= The Grave Diggers =

American rockabilly, surf, jazz, punk band

The Grave Diggers were an American rockabilly, surf, jazz, punk band. They are notable due to their eclectic musical style, their early foreshadowing of subsequent music revival movements, and the musical careers of their members.

The band was established in Southern California in early 1983 by friends and classmates Jason Goodman (vocals/guitar), Wally Hersom (upright bass), Michael "Mick" McCarthy (guitar) and Quinn Millard (drums).

In 1985, they released the self-recorded four-song EP "Monsters At Play" on Bobbette Records. The band played shows around Southern California, opening for and playing with various rockabilly, surf, roots and garage artists including Tav Falco, The Untold Fables, Saddle Sores, Rockin' Rebels, James Intveld, The Red Devils, The Blazers, Eddie Nichols, Russell Scott, The Beguiled, Melvis & the Megatones and Bobbi Brat.

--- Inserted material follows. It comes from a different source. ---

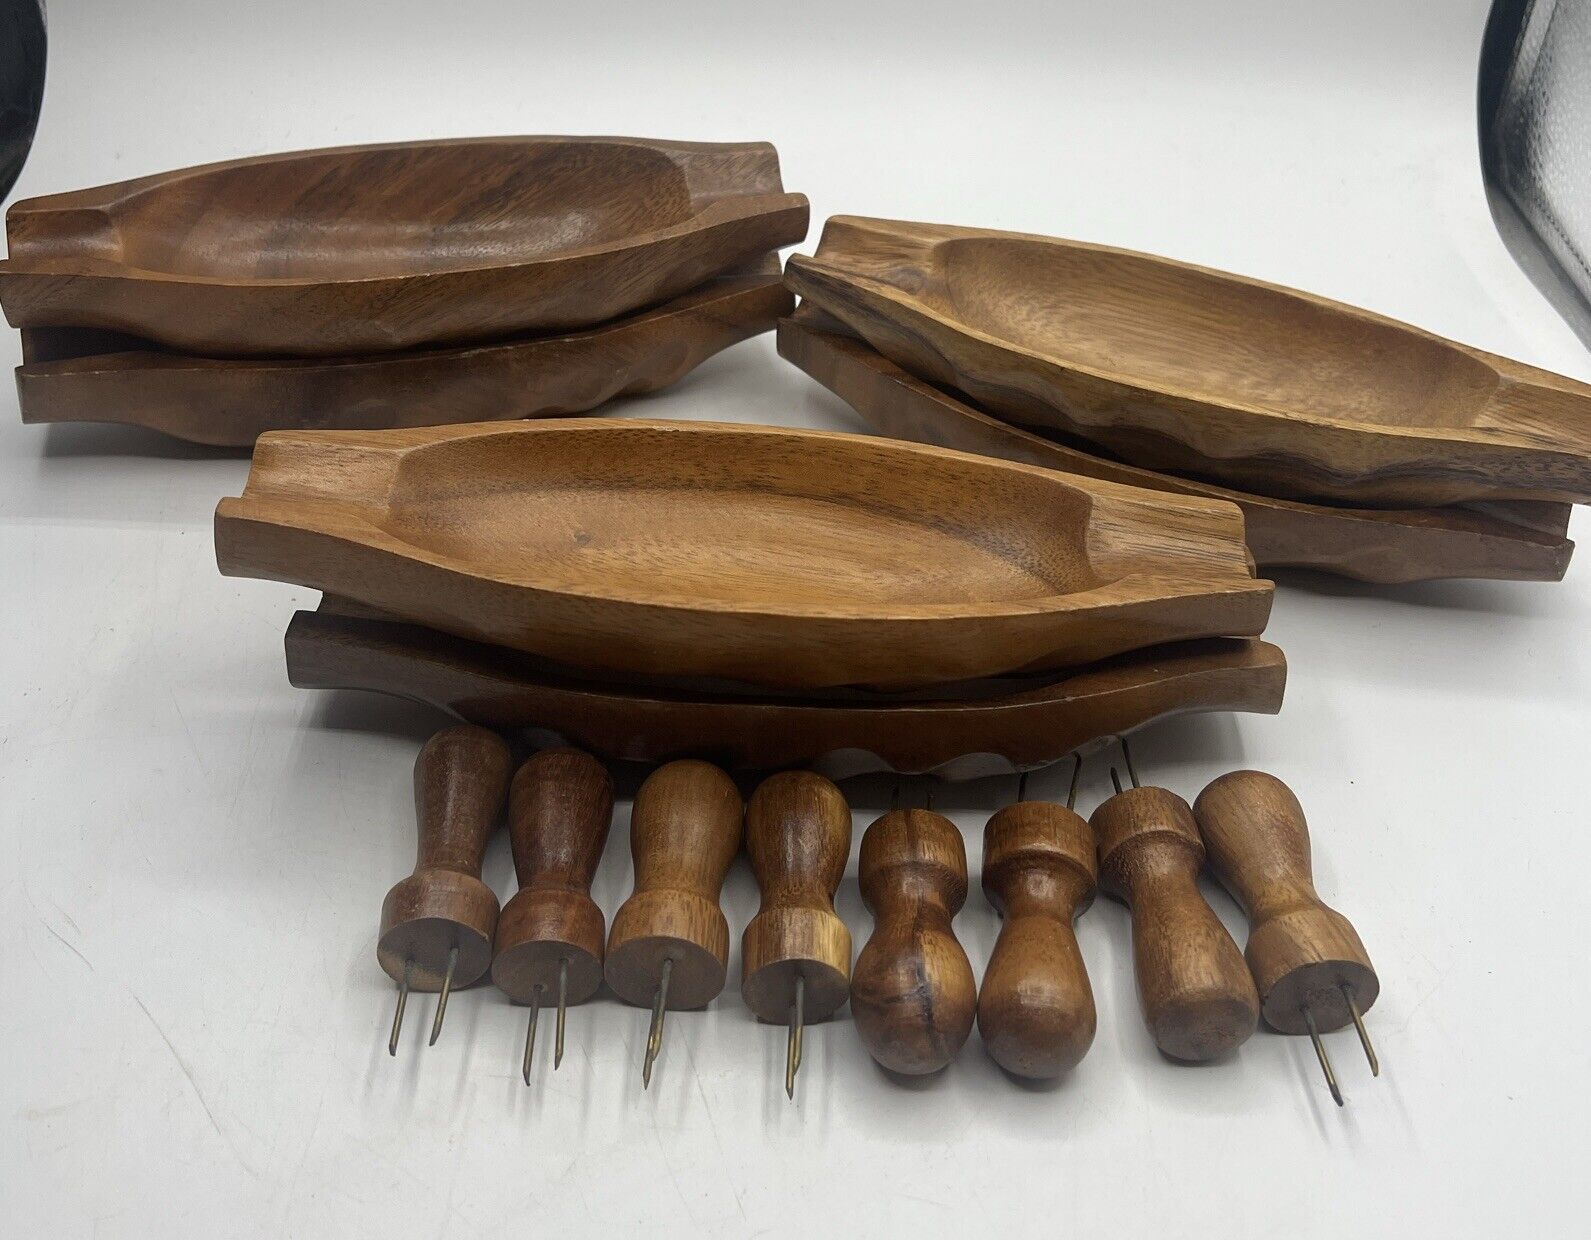 6 Vintage Wooden Corn On Cob Dishes Plates Holder Forks Handles 9

In 1989, they released the full-length LP "Move It" on Crypt Records. "Move It" was recorded at Coyote Studios in Brooklyn, New York, during a one-day session that yielded twenty-five songs, ten of which were never released. The album was produced by British musician Billy Childish and featured album artwork by Cliff Mott. During that trip to New York, the band played two nights at Crypt Record's Bad Music Seminar alongside bands such as Thee Mighty Caesars, The Raunch Hands, The A-Bones and Rat Bastards. The band returned to Southern California and promptly broke up.

Bassist Wally Hersom went on to play with Big Sandy & His Fly-Rite Boys. Guitarist Mick McCarthy and drummer Quinn Millard went on to form the band Medicine Rattle, which released the 1992 album "Unbottled", produced by Billy Zoom of the punk band X, on the label Earth Music. Vocalist Jason Goodman went on to play with The Blazers and the ska band Jump With Joey.

In retrospect, The Grave Diggers' eclectic mix of swing, jazz, trash, garage and punk was ahead of its time, a 1980s precursor to the swing revival and garage rock revival of the late 1990s and early 2000s. More than twenty years after the band's breakup, copies of the Bobbette EP were being sought by collectors despite the songs being legally available on-line.

In 2013, Tim Warren of Crypt Records re-released the "Move It" LP as a double gatefold featuring archival photos of the band, art by guitarist Mick McCarthy, and liner notes by rock critic Chris Morris and Bobbette Records owner Mark Lee Goodale. The ten unreleased songs from the Coyote Studios session remain unreleased.